Ah, so all of yours have been rolled into (upgraded to?) TravelShare (TS).


----------



## clifffaith (Jul 26, 2017)

Meaning if we give up paying every month for travel share, we'll have no access to Wyndham. Strikes me as underhanded to roll all points into something I now have to pay for, when at least some of my points had free access before.


----------



## rhonda (Jul 26, 2017)

clifffaith said:


> Meaning if we give up paying every month for travel share, we'll have no access to Wyndham.


I wouldn't make that assumption.  The Club Pass guidelines require "TravelShare _qualified_" rather than "TravelShare."  

When I've shown discontentment, at a sales talk, over the TravelShare fees, Sales was quick to offer, "We will gladly sell you the new credits w/out TravelShare.  Adding TravelShare is not a mandatory component of the transaction."  Interesting, no?  Perhaps you could work with either Member Services or the Transfer department to explore dropping TravelShare?  Might be possible -- but be sure you fully research the consequences before taking the leap.


----------



## geist1223 (Jul 26, 2017)

Your pre 2006 WWM Points were not rolled into Travelshare without your permission. You may not remember it from the Sales Meeting 8 years ago. We clearly remember it from our first post November 2006 purchase.

You can contact WM/WYN and stop paying Travelshare Dues and have the Points you bought prior to November 2006 rolled back to WM+A. However you have to evaluate how many Points are pre November 2006 and how many are post November 2006. If you take this step only the pre November 2006 can use Wyndham Pass and Book directly into WMSP.

As an example let's say you have a total of 20,000 WTS Point. But only 6,000 are pre November 2006. Then means 6,000 would become WM+A and the other 14,000 become WM. You can not do much in Wyndham Pass or WMSP with only 6,000 Points. Also the TS Rules/Guidelines are very clear if TS status is ever surrendered it can not be returned for those Points.


----------



## rhonda (Jul 26, 2017)

@geist1223, thanks for the detailed explanation of what might happen if reverting back from WTS!  

(I wanted to hit [Like] on the post ... but didn't particularly care for the Wyndham policy regarding losing TS-qualification on surrender.  After all, these are still Developer purchased points.  Oh, well.  Not my battle.  Thanks for the great write-up.)


----------



## clifffaith (Jul 27, 2017)

Anyone know if pre-2006 points also came with access to RCI with no additional fee? 

Would owner care provide me with a list of our purchases?
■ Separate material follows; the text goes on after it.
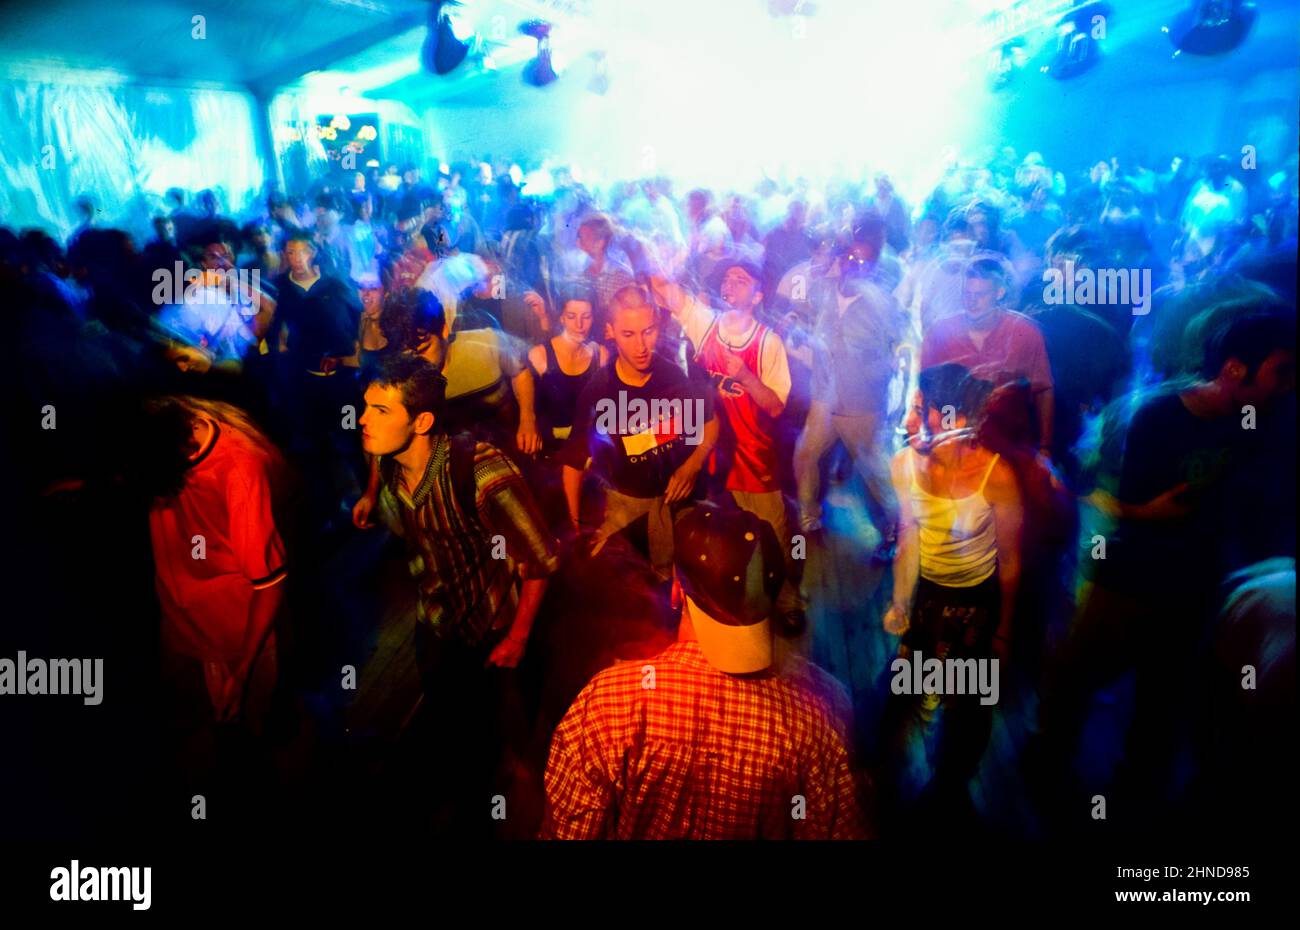 Paris, France, Crowd Dancing in Nightclub with Laser Light Effects Stock Photo

I know when our first and last purchases were, and I know we bought some "distressed" points on the phone at least once.


----------



## JohnPaul (Jul 27, 2017)

Pre 2006 did NOT come with free RCI


----------



## rhonda (Jul 27, 2017)

clifffaith said:


> Anyone know if pre-2006 points also came with access to RCI with no additional fee?





JohnPaul said:


> Pre 2006 did NOT come with free RCI


Agreeing with JohnPaul.  Developer sales prior to 2006 typically included a "_1st year free_" membership in either RCI or II, depending on the year, but the RCI access you are referring to was created by and for TravelShare.   And of course, it is only the annual membership that is covered by TravelShare -- not the exchange costs or other incidentals.


> Would owner care provide me with a list of our purchases? I know when our first and last purchases were, and I know we bought some "distressed" points on the phone at least once.


Great place to start?  If not Owner Care, I'm sure they'll have a lead on the proper department or person to look up your history?


----------



## sue1947 (Jul 27, 2017)

JohnPaul said:


> Pre 2006 did NOT come with free RCI



It also did not come with TS dues.  Note that RCI is not free with TS; the costs are included in the TS dues you pay.  You pay for it one way or the other, only with TS, you pay more.  

Sue


----------